Why the data foundation matters


None of this works with siloed data. Unified commerce and service data are what make AI useful, reliable and scalable. Retailers need a strong enterprise data foundation so customer, transaction and operational signals can be connected across marketing, commerce, service and fulfillment.


That is why customer data platforms and shared data layers have become so important in the AI era. They help transform disconnected interactions into a usable picture of the customer, giving AI and employees the same core context. They also help retailers personalize responsibly, coordinate actions across channels and improve service quality without relying on guesswork.


Human-centered by design


As service becomes more automated, trust becomes more important. Customers need clarity about when they are interacting with AI, confidence that answers are reliable and easy access to a human when the moment calls for empathy or judgment. Employees need systems that reduce friction, not add another layer of complexity.

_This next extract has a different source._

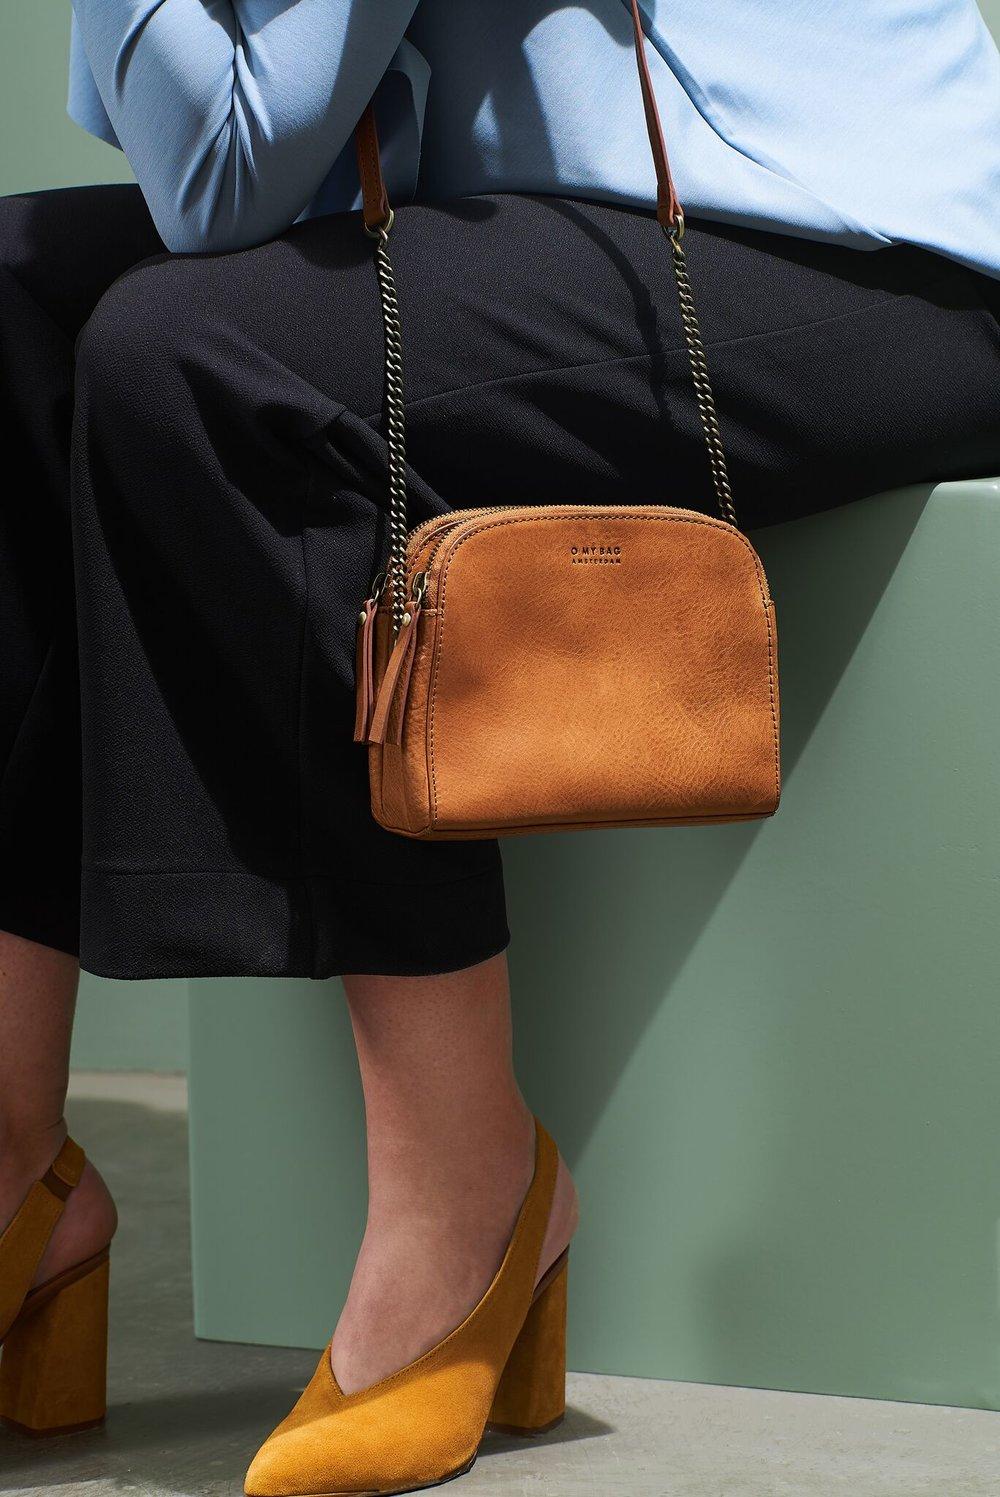 22139a090ff O My Bag: stijlvolle eco-friendly handtassen om mee te pronken — Frau

That is why the strongest AI-led service strategies are human-centered. They focus on usefulness over novelty, continuity over channel silos and measurable outcomes over chatbot hype. Success should be judged by faster resolution, better agent productivity, improved satisfaction, stronger loyalty and lower service effort.


Turning service into a retail differentiator


Publicis Sapient helps retailers make this shift by bringing together strategy, product, experience, engineering and data and AI, along with deep Salesforce expertise, to redesign service end to end. The focus is not on bolting AI onto broken processes. It is on building connected service operations that are more responsive for customers and more effective for employees.


That approach is already showing what is possible. In work with Pandora, Publicis Sapient and Salesforce helped introduce an AI-powered customer service agent connected to service, commerce and order management environments to automate routine queries with real-time updates. The program achieved 60% autonomous case deflection and contributed to a 10% uplift in Net Promoter Score, while freeing specialists to focus on higher-value interactions. Pandora also expanded the model with a personal shopper experience that brought more personalized guidance into digital channels.


That is the real promise of AI-led service in retail. Not a better bot in isolation, but a better operating model: connected, intelligent and always on. One that resolves routine issues quickly, equips human experts to handle what matters most and turns service into an engine for loyalty, efficiency and growth.